**How to complete this task**
Give the data again exactly as it appears, excluding any pictures.

**Information shown**
========================================================================

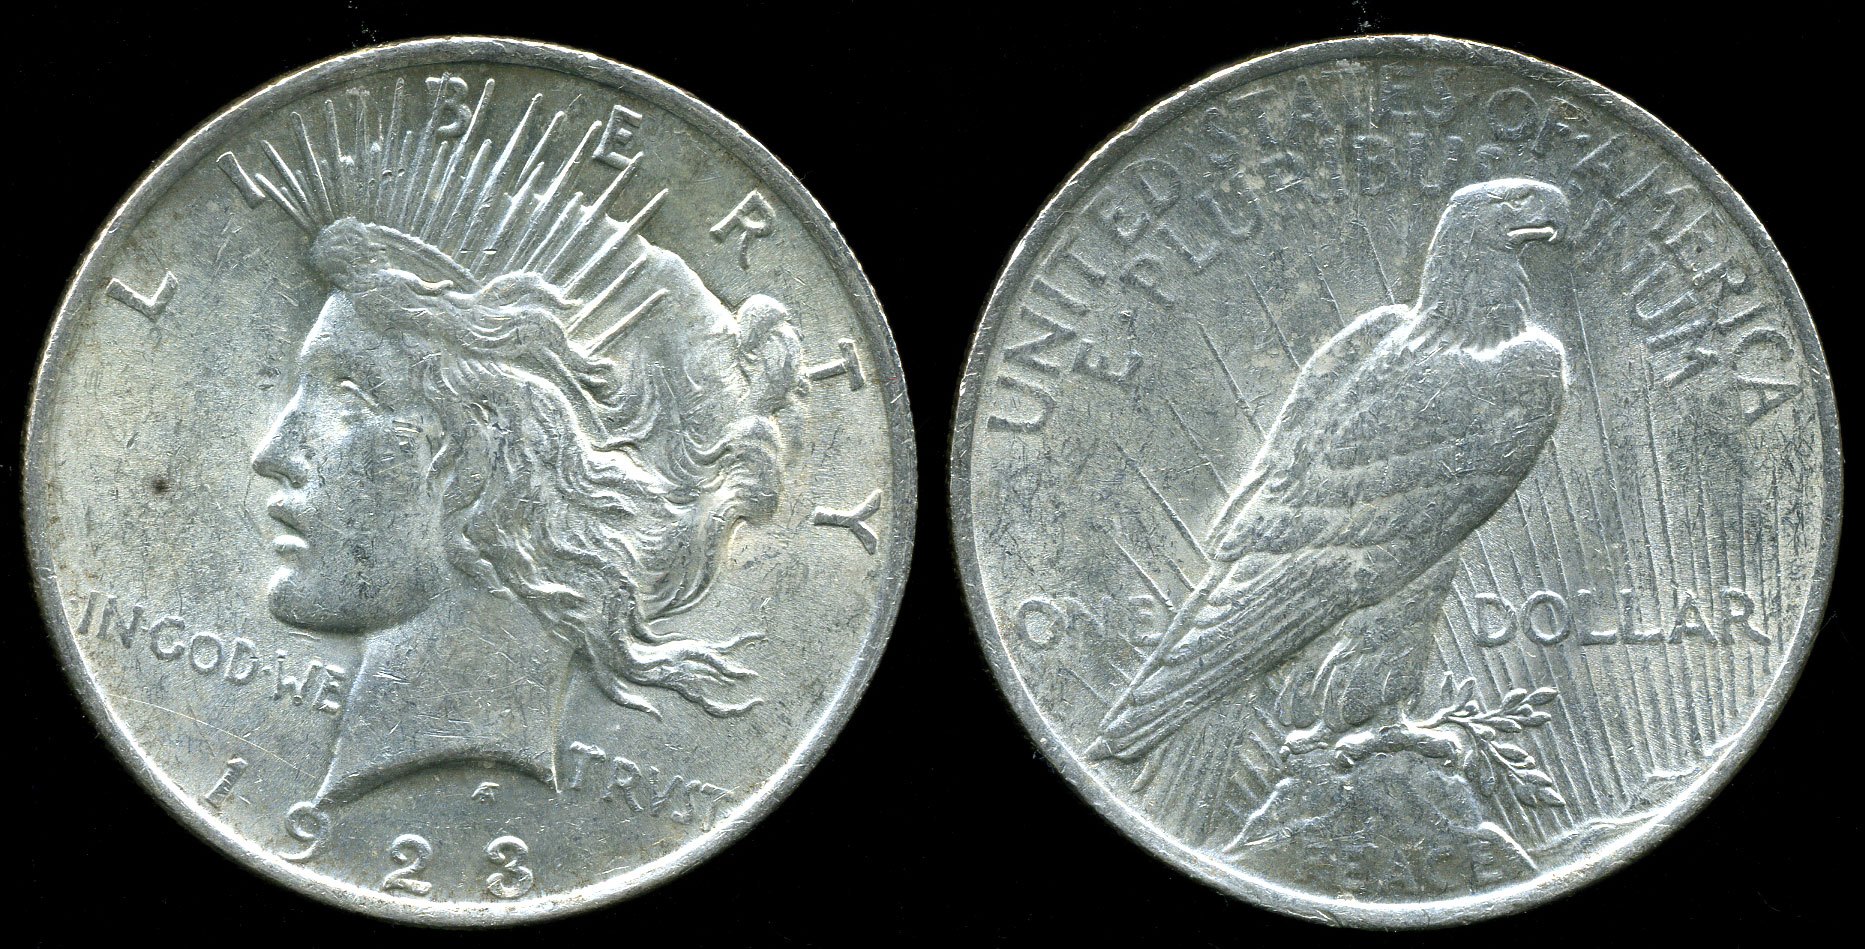 1 доллар драмом. США 1 доллар 1889 серебро Орел. США 1923. США 1922. Орел на долларе.
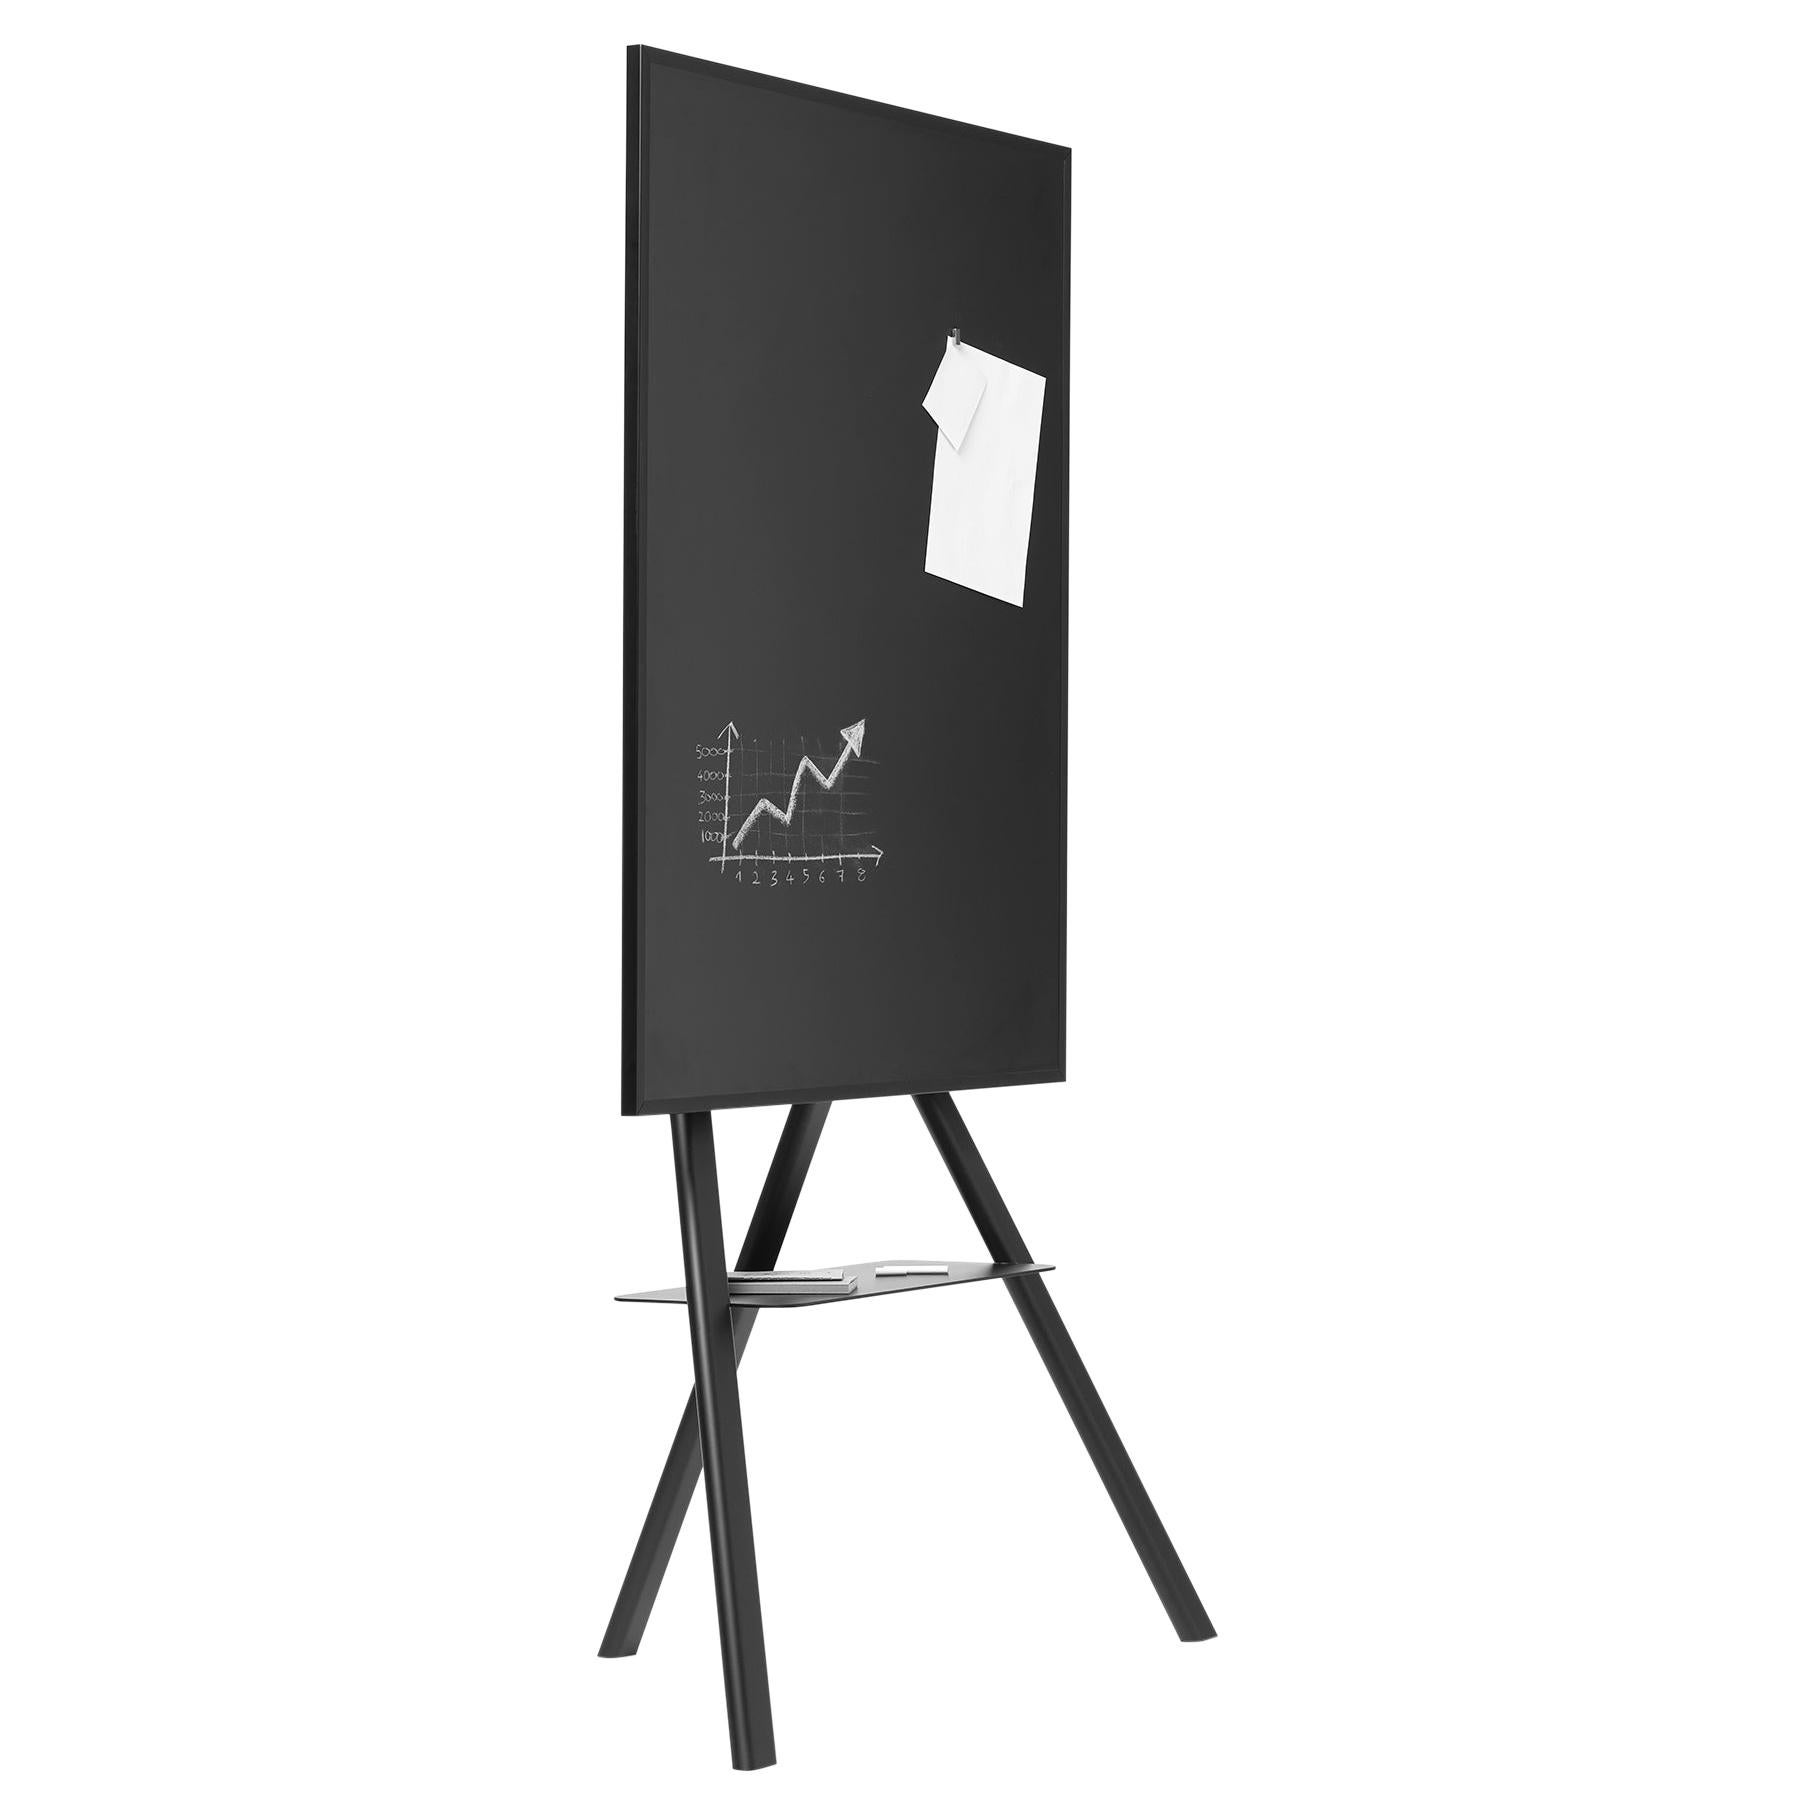 Cartesio Black Writing Board with Matt Black Frame by Lapo Ciatti For Sale
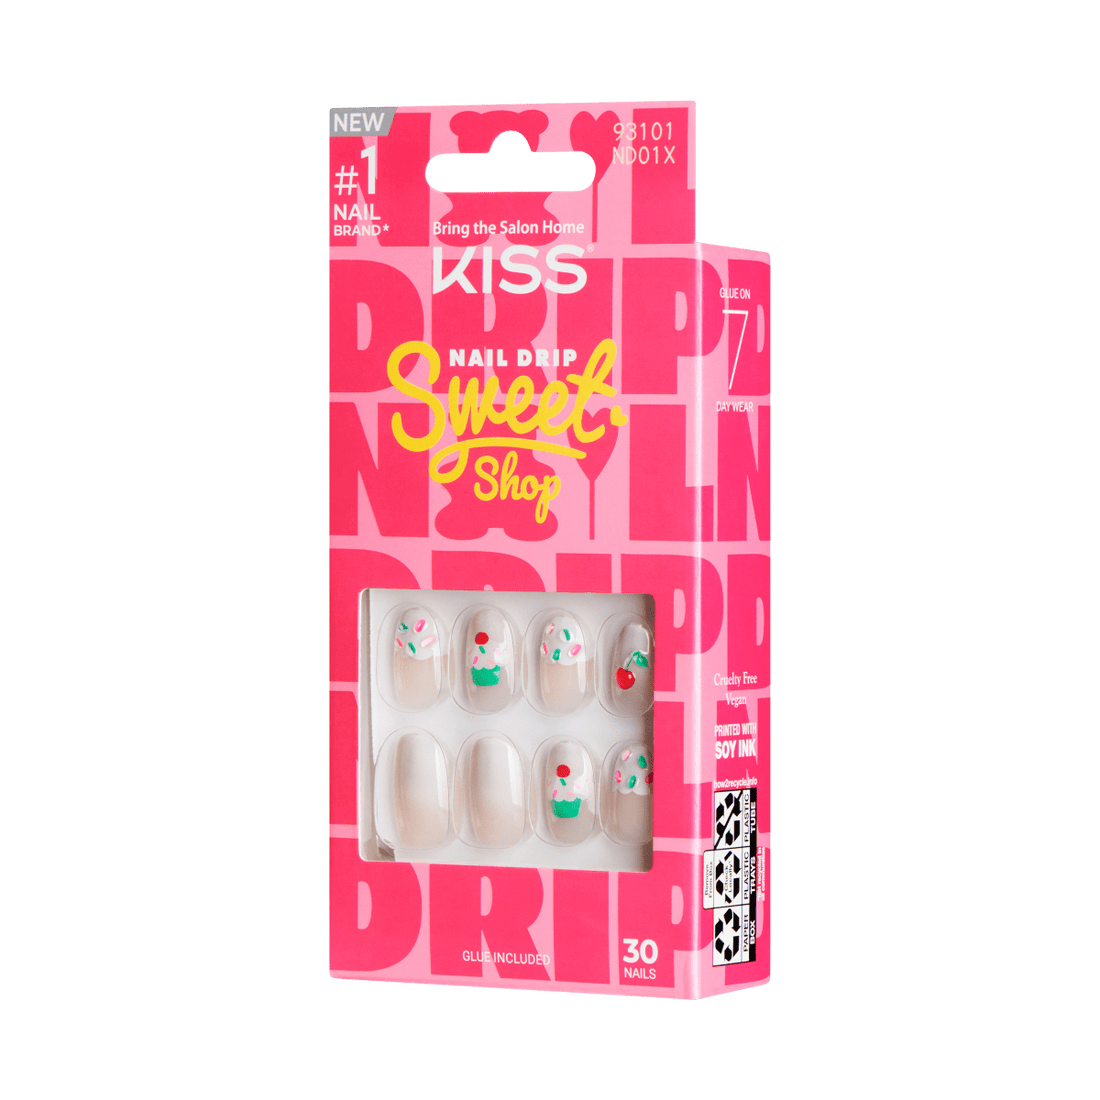 KISS Nail Drip ‘Sweet Shop’ Press-On Glue Nails – Hot Drip
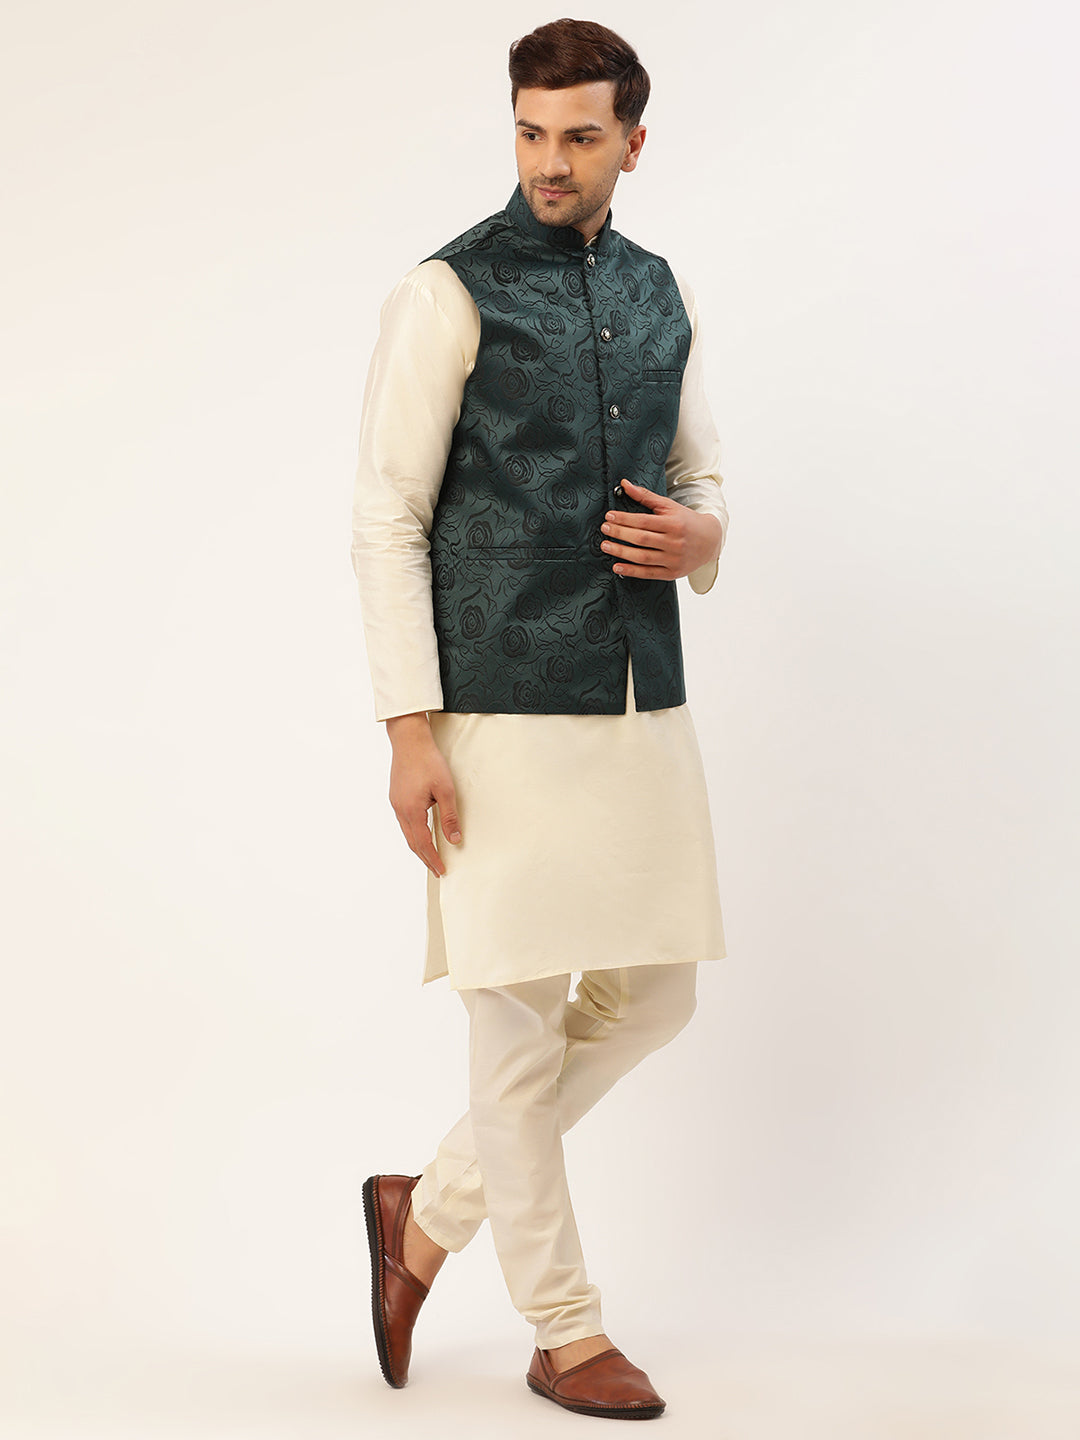 Men's Solid Kurta Pyjama With Teal Floral Embroidered Nehru Jacket

========================================================================

**Reply**
 1 доллар драмом. США 1 доллар 1889 серебро Орел. США 1923. США 1922. Орел на долларе.
 Cartesio Black Writing Board with Matt Black Frame by Lapo Ciatti For Sale
 KISS Nail Drip ‘Sweet Shop’ Press-On Glue Nails – Hot Drip
 Men's Solid Kurta Pyjama With Teal Floral Embroidered Nehru Jacket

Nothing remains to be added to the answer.